FREEMARK: The Congress in 2020 demonstrated that there is bipartisan interest in supporting public transit. What we really saw this year was an endorsement of the idea that public transit is an essential service. And I hope that it sets the standard for thinking about a sustainable, equitable recovery after the pandemic.
CHANG: Do you feel that there is, indeed, wider public buy-in when it comes to rescuing public transit right now? - because I could imagine that there is also a lot of people out there thinking, wait; I'm stuck at home right now. I'm not going to be going anywhere. Don't put money into public transit. Put money into unemployment, into food stamps.

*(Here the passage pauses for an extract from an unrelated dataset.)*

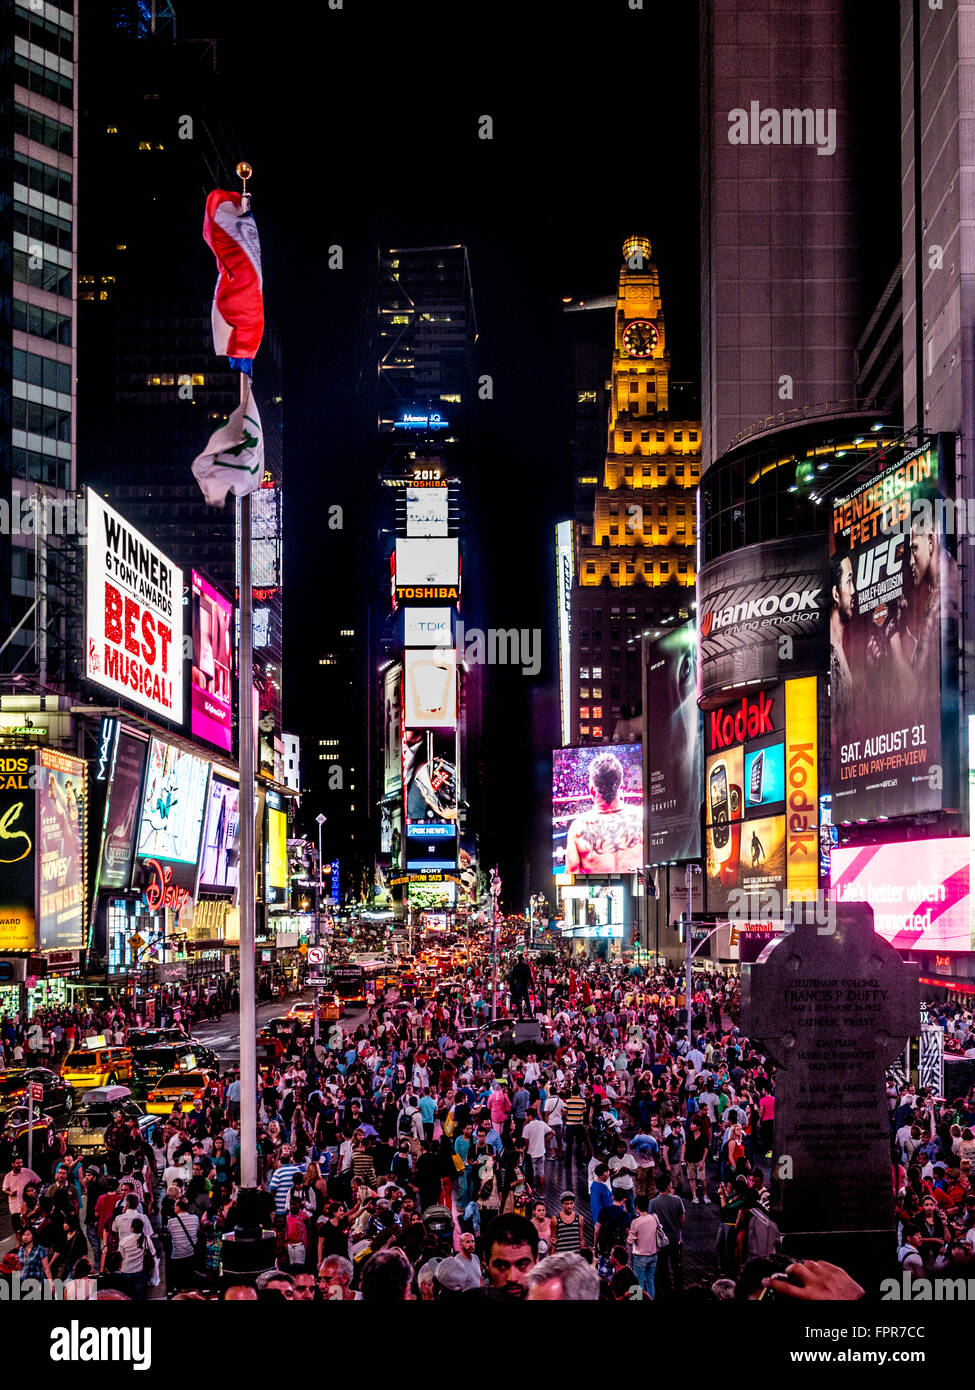 Crowd of people in Times Square at night, New York City, USA. Stock Photo

FREEMARK: Very surprisingly, this year, we saw a major endorsement of increased funding for transit in communities where you might not expect it - places like San Antonio, Texas; Austin, Texas; San Francisco region; city of Seattle. In all those places, voters actually passed new referenda that will increase their own taxes to pay for transit. This was really surprising because, as you said, we're in the middle of an economic recession. People have lost their jobs. And yet they said, for us, public transit is an important enough priority that we're willing to increase our own taxes to pay for improvements.
CHANG: And Freemark says if more and more voters keep voicing support like this for public transit, he hopes eventually, lawmakers actually will allocate more than just a Band-Aid.